* _Exercise brief_: Return the listing below exactly as it stands. Pictures stay out.

* _Data section_:
::::
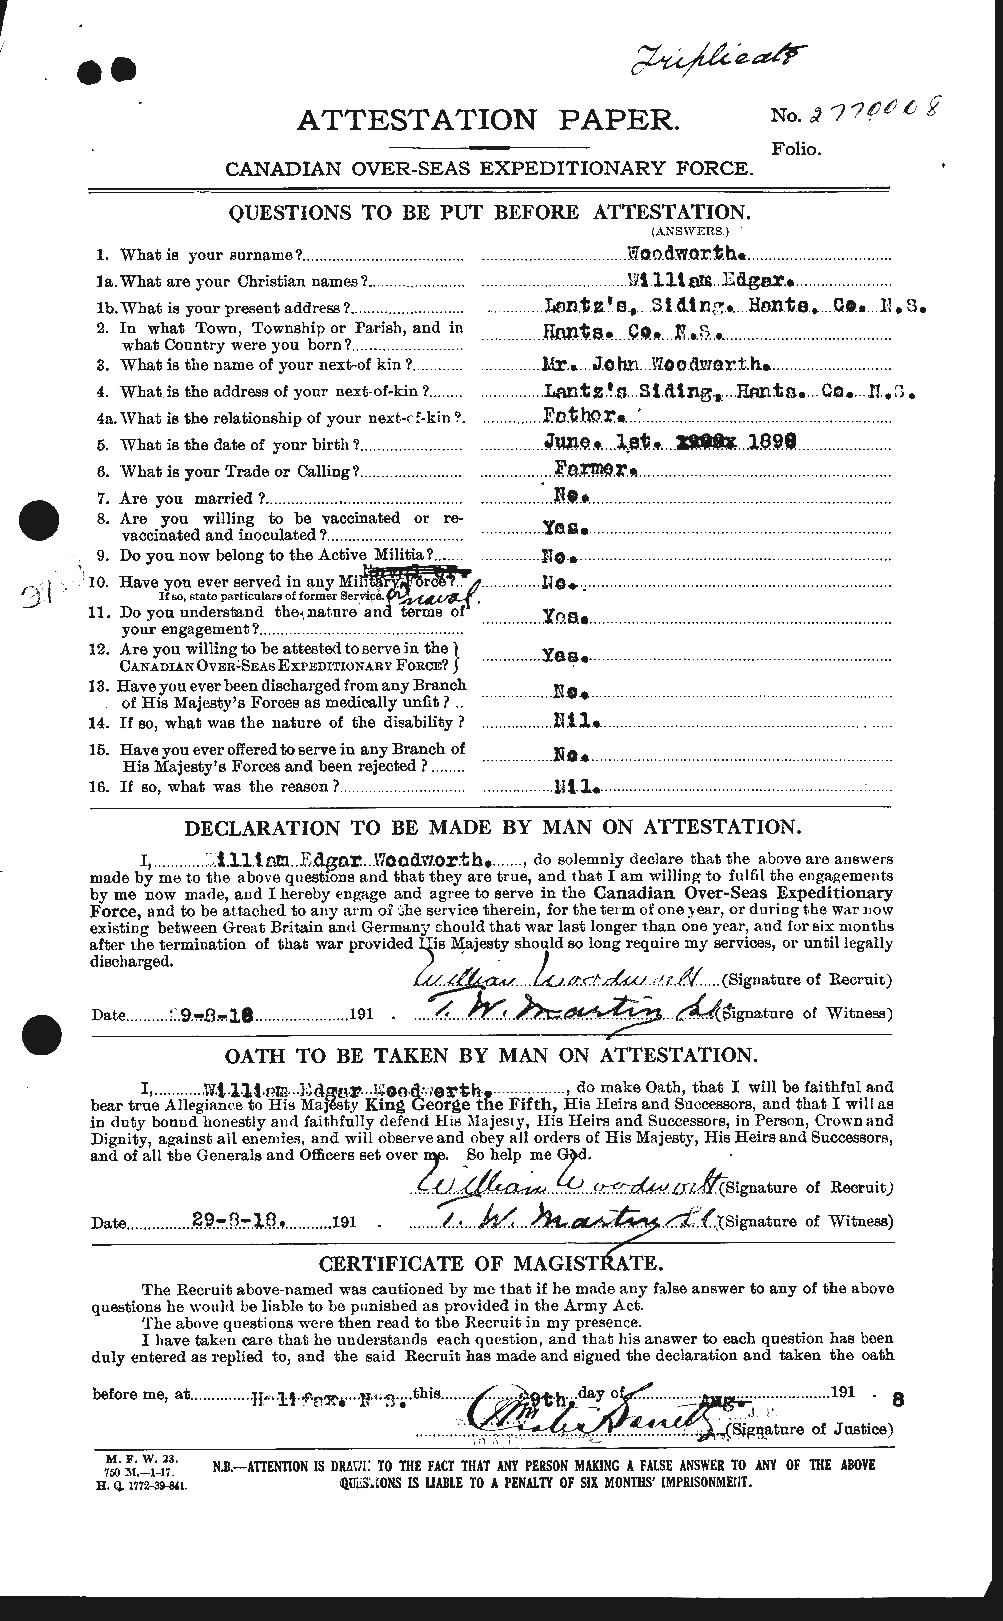 Personnel Records of the First World War - CEF 684953a
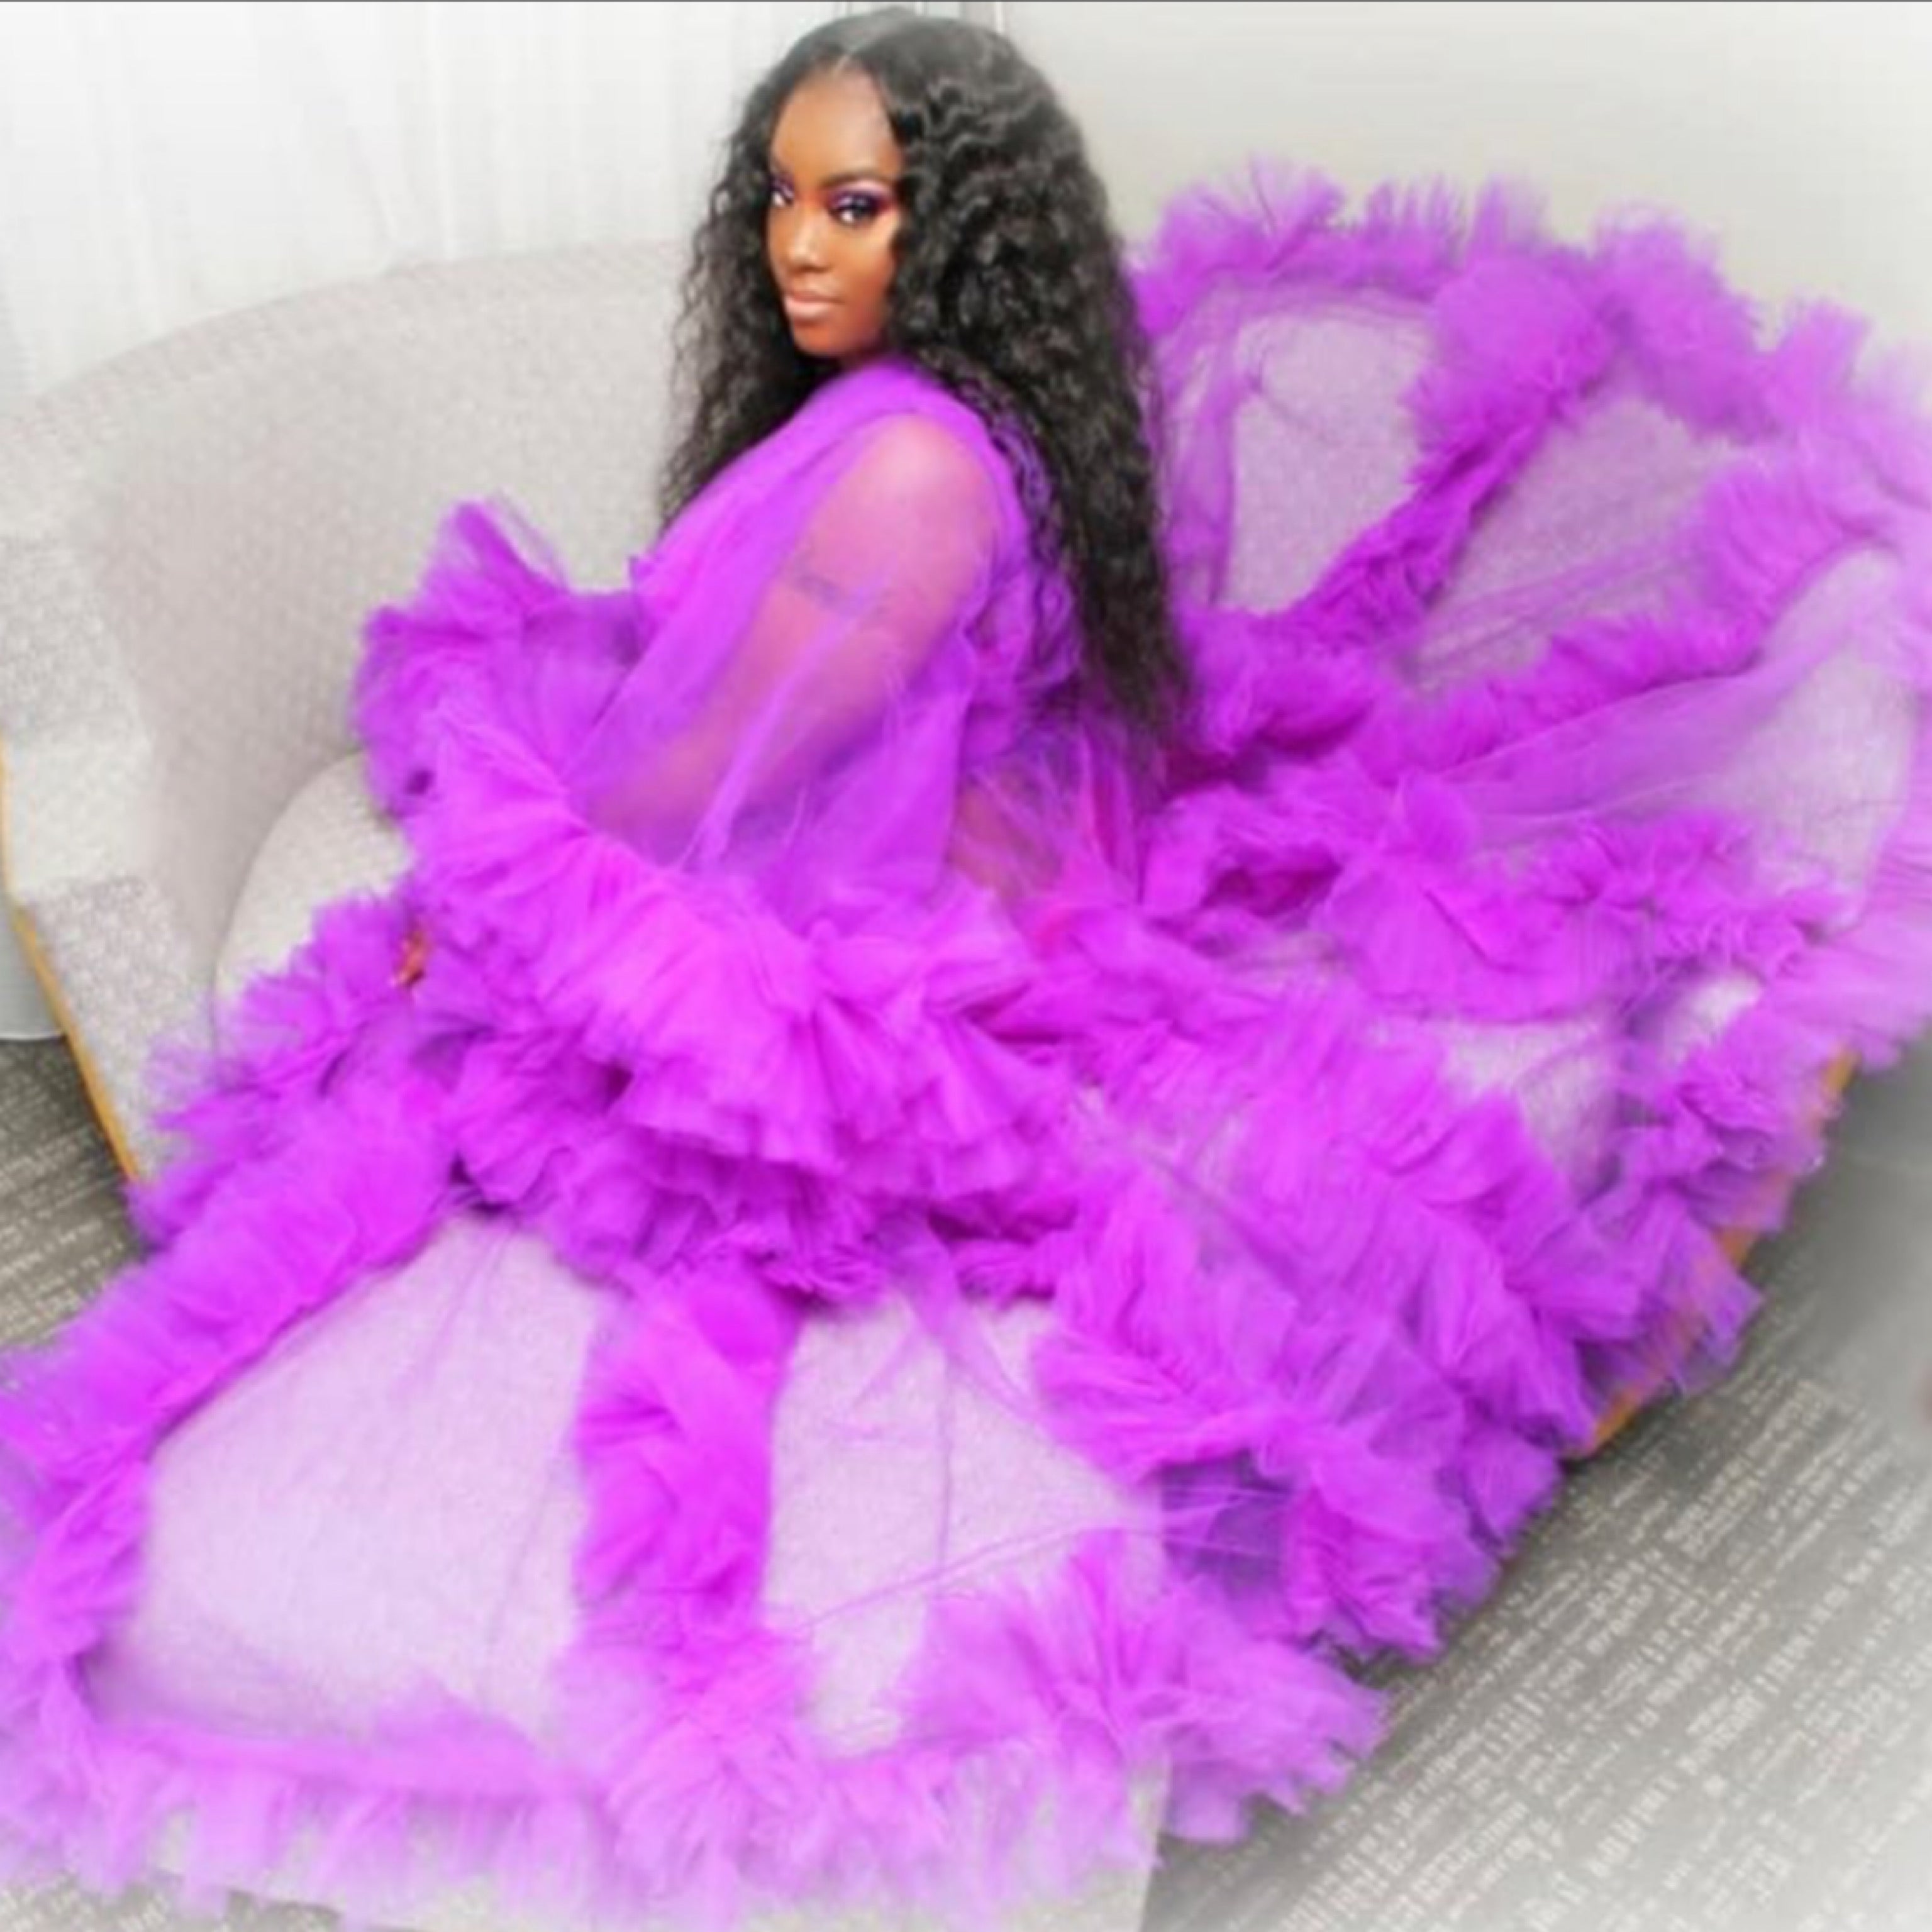 "Her Majesty" Long Fluffy Ruffled Tulle Robe
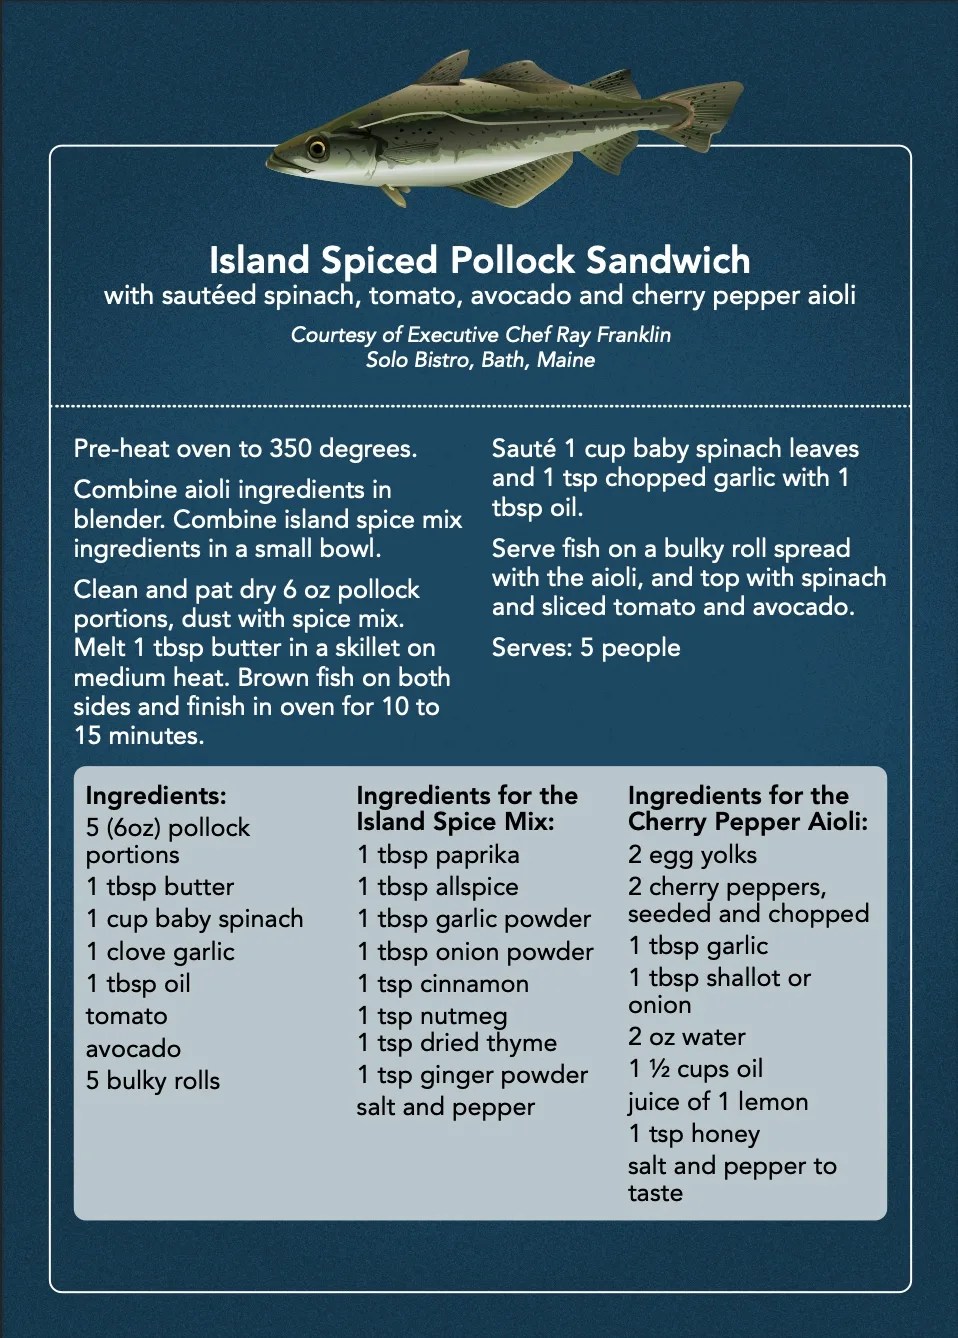 Dark blue card with a drawing of a pollock and white text. The recipe title says: Island Spiced Pollock Sandwich with sauteed spinach, tomato, avocado and cherry pepper aioli. Courtesy of Executive Chef Ray Franklin of the Solo Bistro in Bath, Maine.
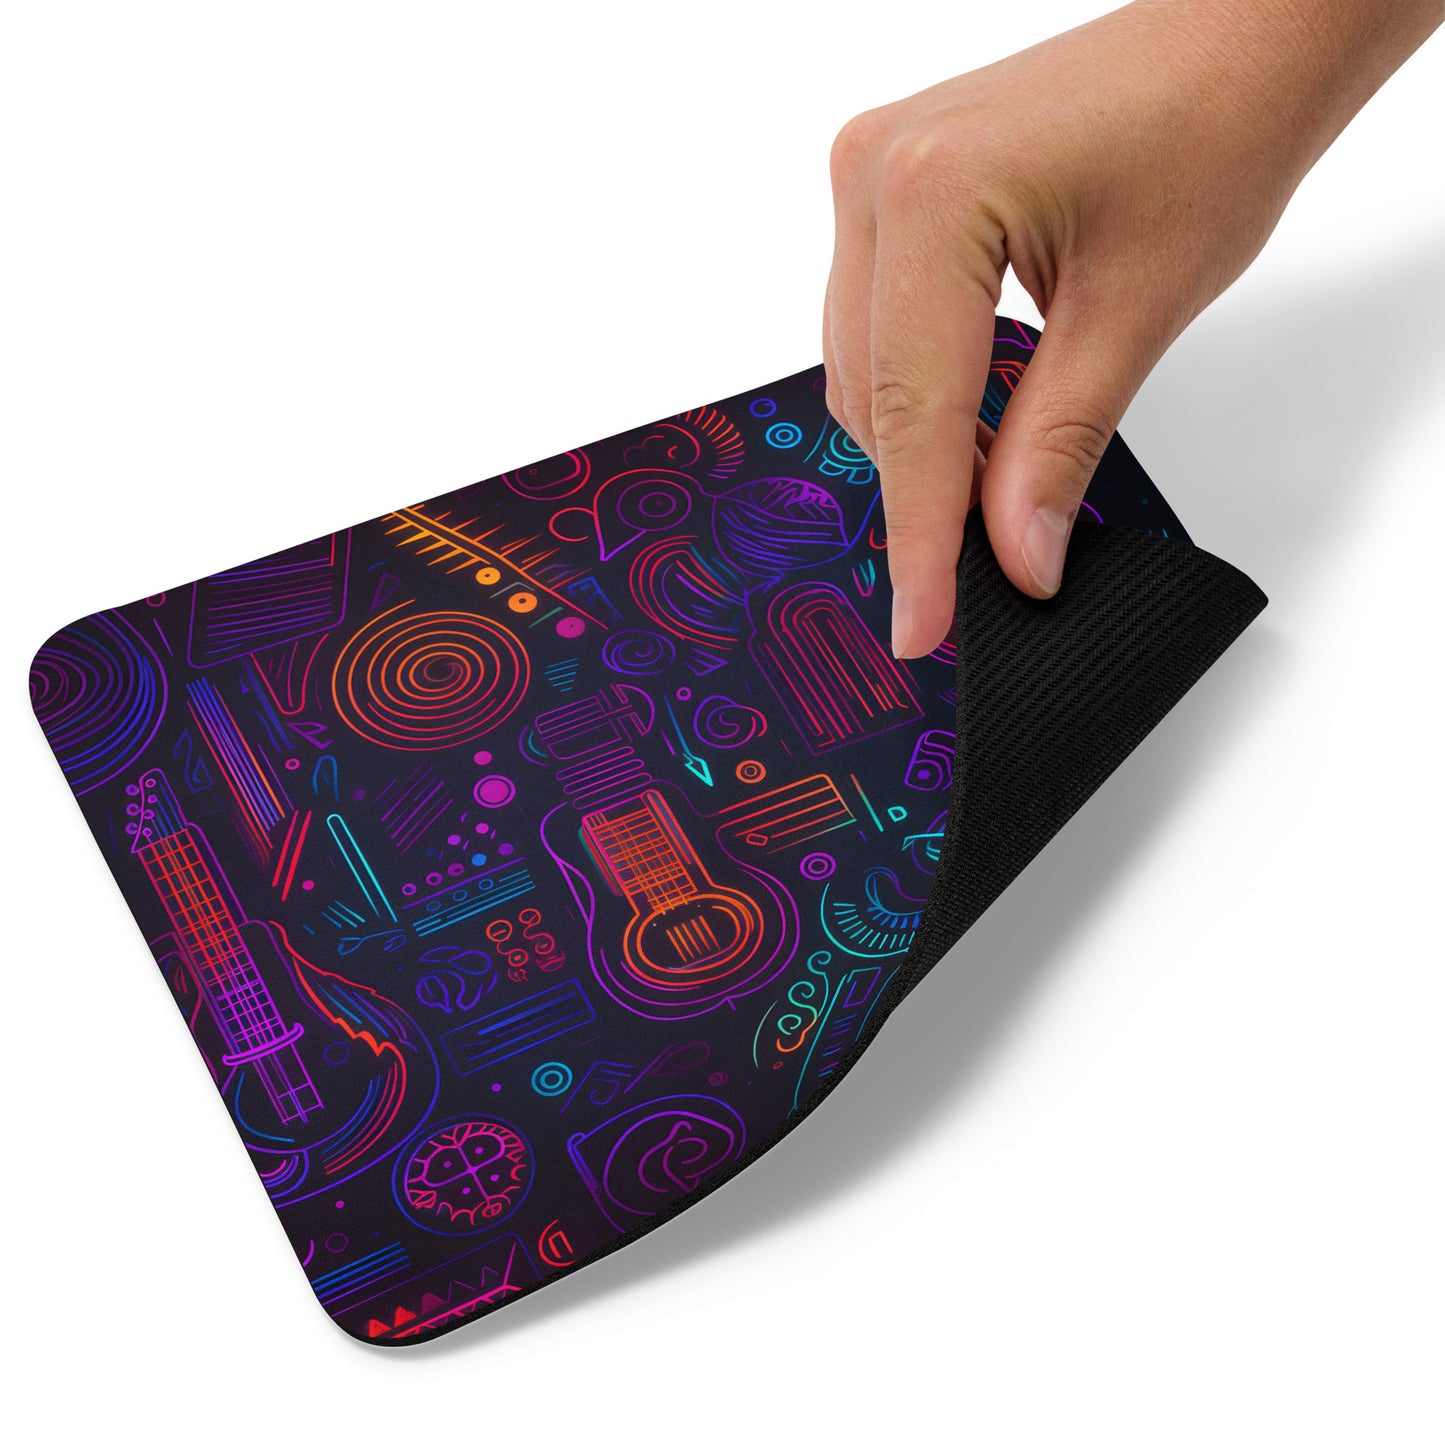 Mouse Pad Neon 3
::::
* _Solution to this exercise_:
 Personnel Records of the First World War - CEF 684953a
 "Her Majesty" Long Fluffy Ruffled Tulle Robe
 Dark blue card with a drawing of a pollock and white text. The recipe title says: Island Spiced Pollock Sandwich with sauteed spinach, tomato, avocado and cherry pepper aioli. Courtesy of Executive Chef Ray Franklin of the Solo Bistro in Bath, Maine.
 Mouse Pad Neon 3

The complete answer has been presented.